- _About this task_:
Without the pictures, write out all the lines below exactly as they appear.

- _Stored data_:
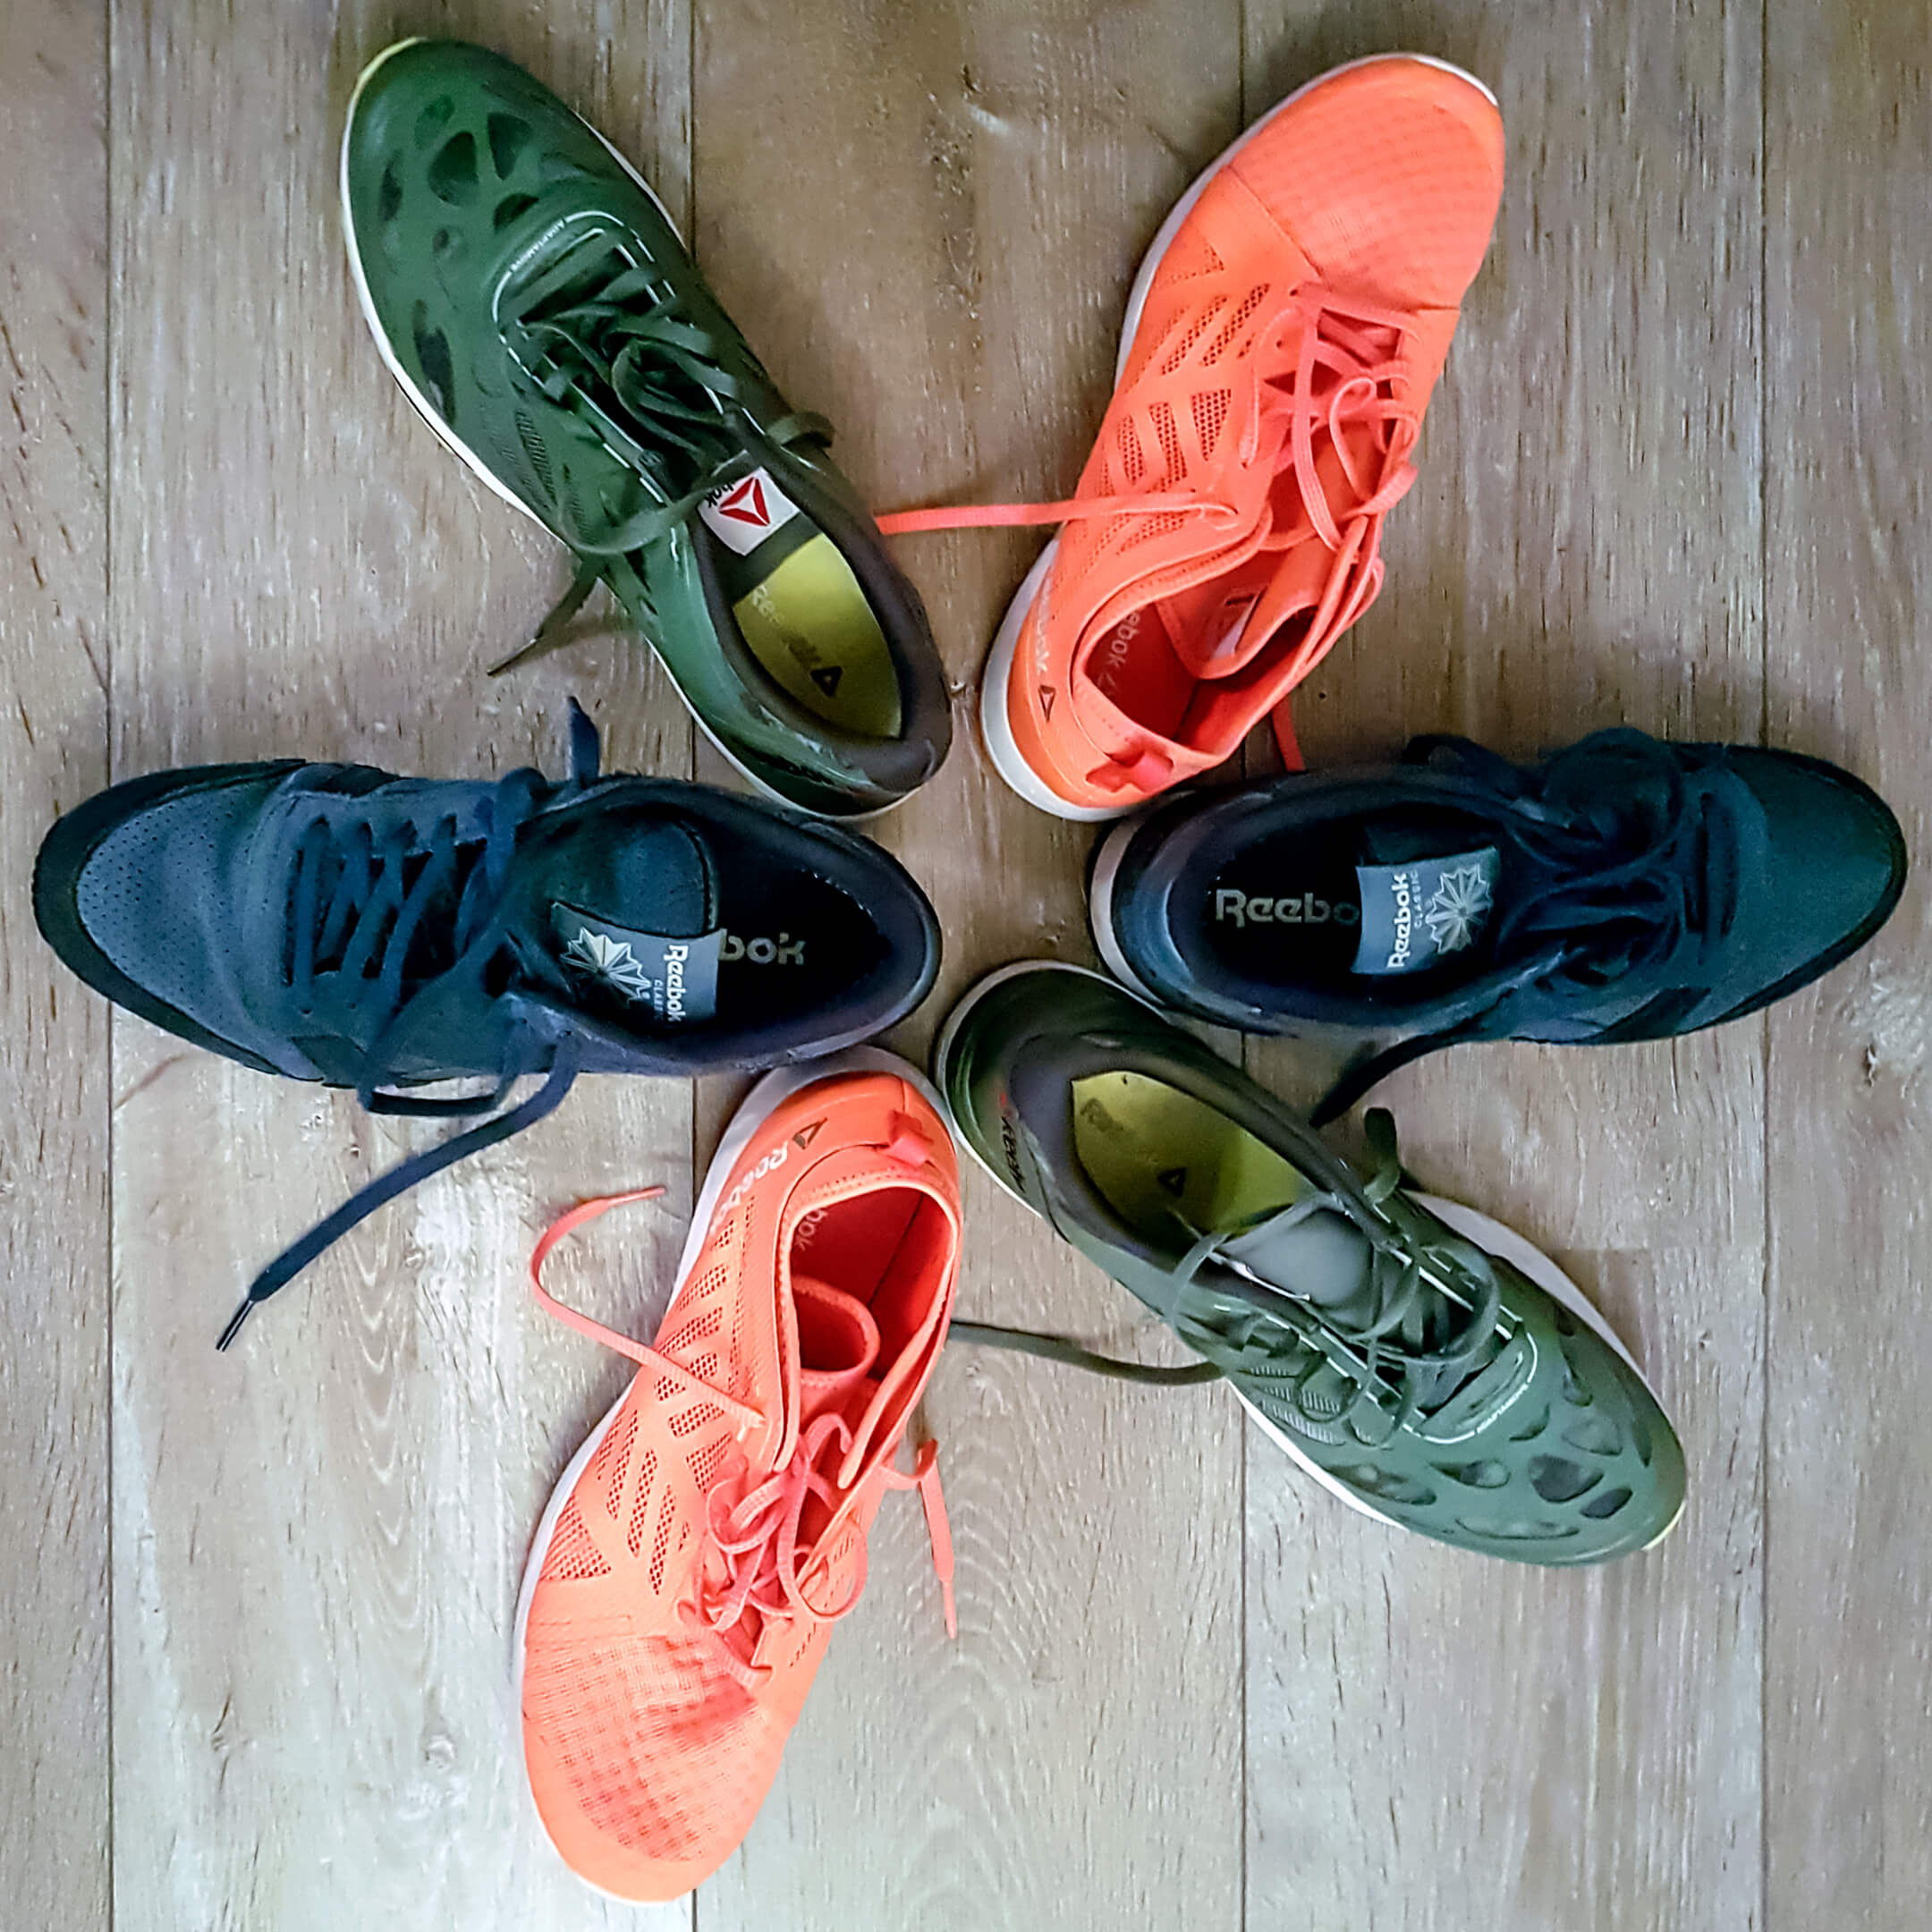 Foto van 6 sportschoenen van het merk Reebok. Op de foto zijn de schoenen in een stervorm geplaatst met de neuzen van de schoenen naar buiten. De Reeboks zijn roze, groen en blauw. De foto hoort bij het gedicht Lijf.
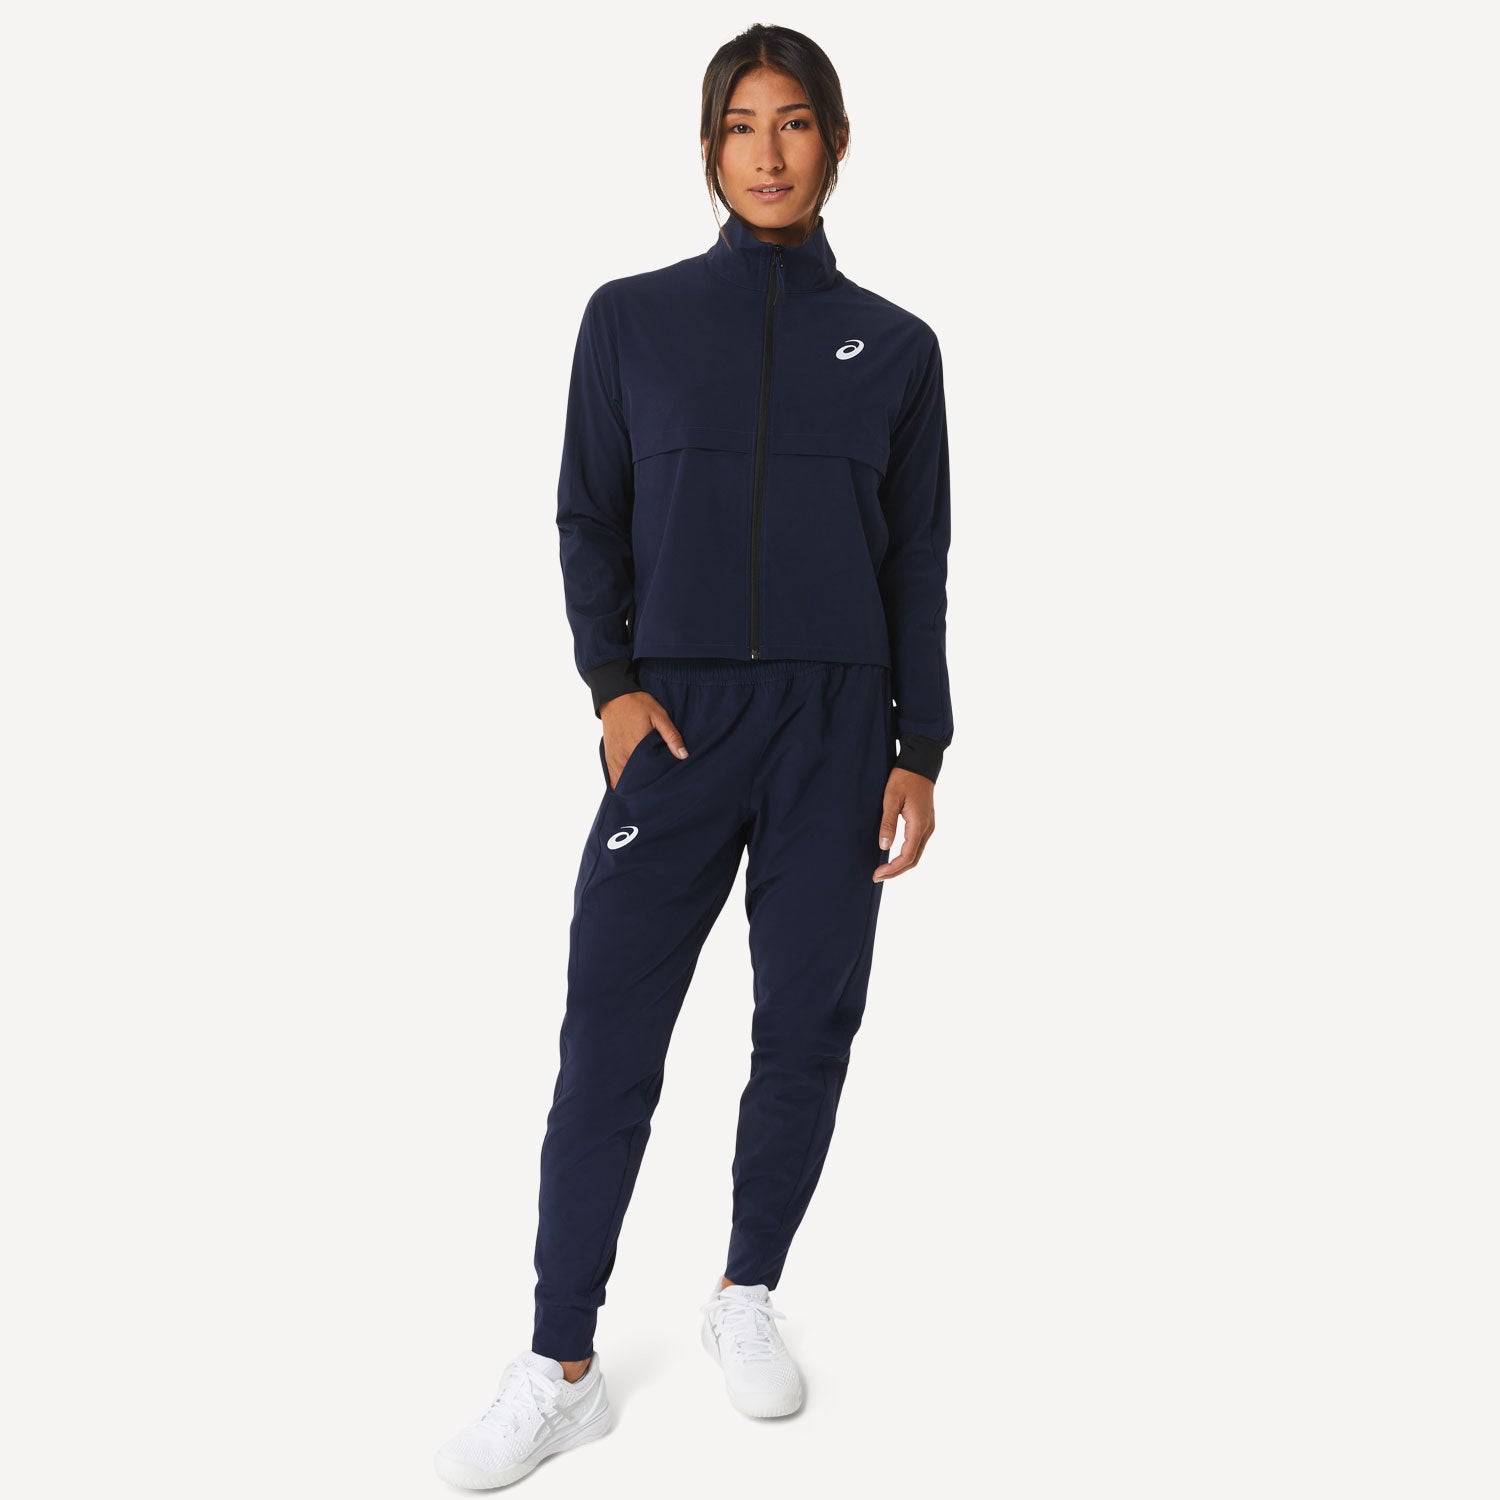 ASICS Match Women's Tennis Jacket Blue (6)
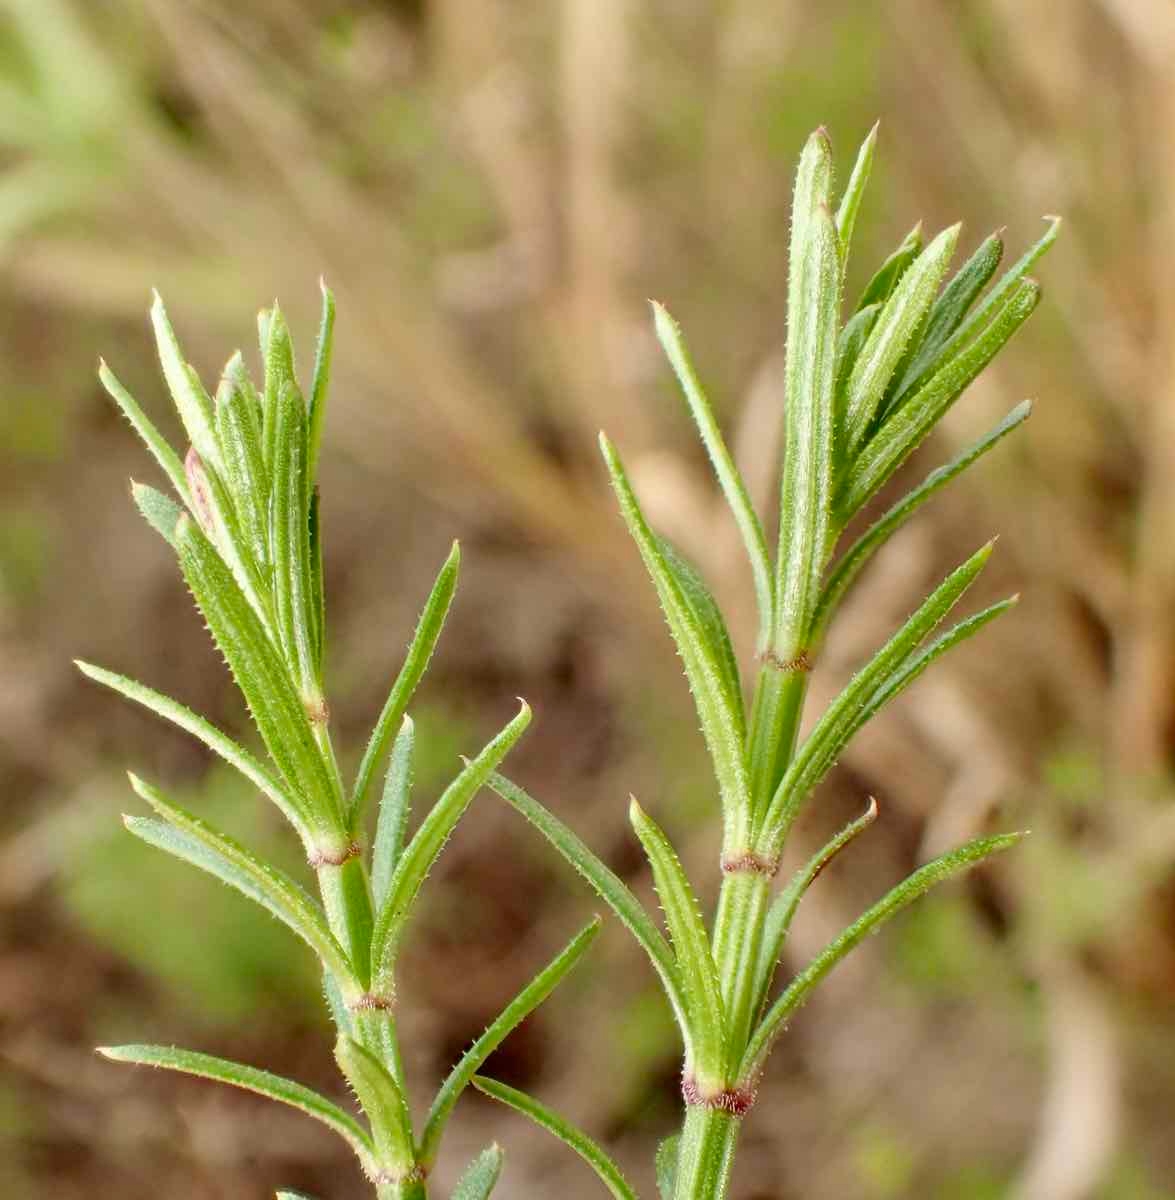 Galium angustifolium ssp. angustifolium

- _Finished task_:
 Foto van 6 sportschoenen van het merk Reebok. Op de foto zijn de schoenen in een stervorm geplaatst met de neuzen van de schoenen naar buiten. De Reeboks zijn roze, groen en blauw. De foto hoort bij het gedicht Lijf.
 ASICS Match Women's Tennis Jacket Blue (6)
 Galium angustifolium ssp. angustifolium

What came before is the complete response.